— Ela fez perguntas que eu passei a vida inteira evitando. Então contei a verdade. Eu trabalhava na região porque tinha descoberto que talvez tivesse família aqui. Mas nunca tive coragem de me aproximar.
Ele fez uma pausa.
— Quando houve complicações no parto, ela mandou uma enfermeira me procurar. Entregou-me esta carta e me fez jurar que não imporia outra verdade a você enquanto a dor ainda fosse recente.
Hailey abaixou a cabeça.
— Ela disse para deixá-lo criar sua filha primeiro. Depois, quando Hailey tivesse idade suficiente para entender o significado de família, seria ela quem escolheria o momento.

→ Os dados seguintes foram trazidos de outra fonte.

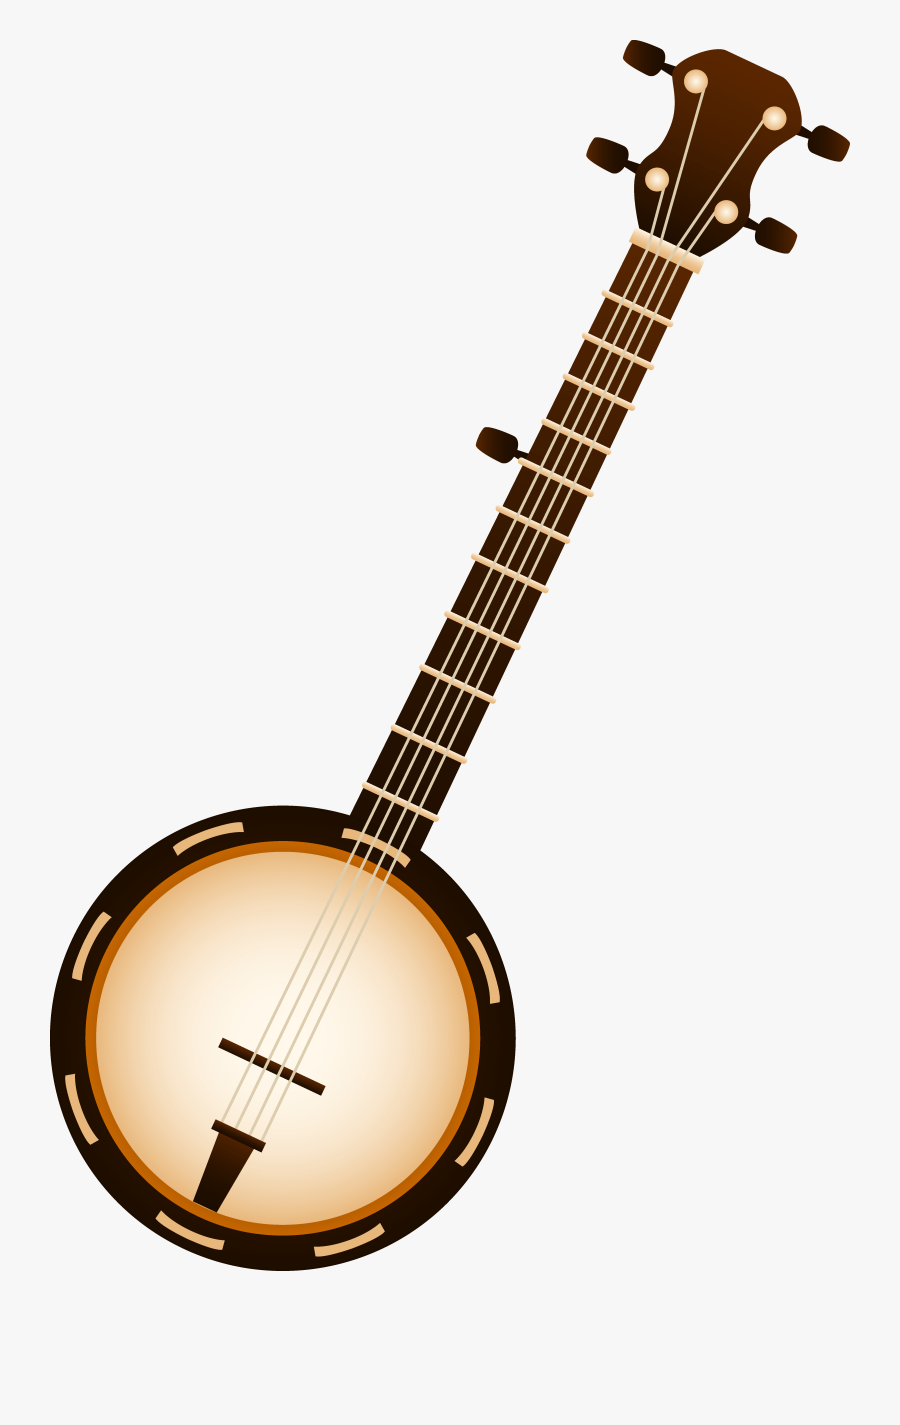 Free Clipart Folk Musicians - Banjo Country Music Instruments, Transparent Clipart

— Ela encontrou o bilhete que a mãe deixou para ela. É por isso que estamos aqui.
Mais tarde eu descobriria que Hailey encontrou esse segundo bilhete em uma caixa no sótão, debaixo de uma manta de bebê e de uma pulseira hospitalar.
No verso, com tinta já desbotada, sua mãe escrevera:
*"Quando você estiver crescida, peça para ele ficar ao seu lado. Traga-o para casa."*
O zelador ergueu a carta.
— Meu querido marido — leu.
Sua voz deixou de parecer dele.
Era a voz dela.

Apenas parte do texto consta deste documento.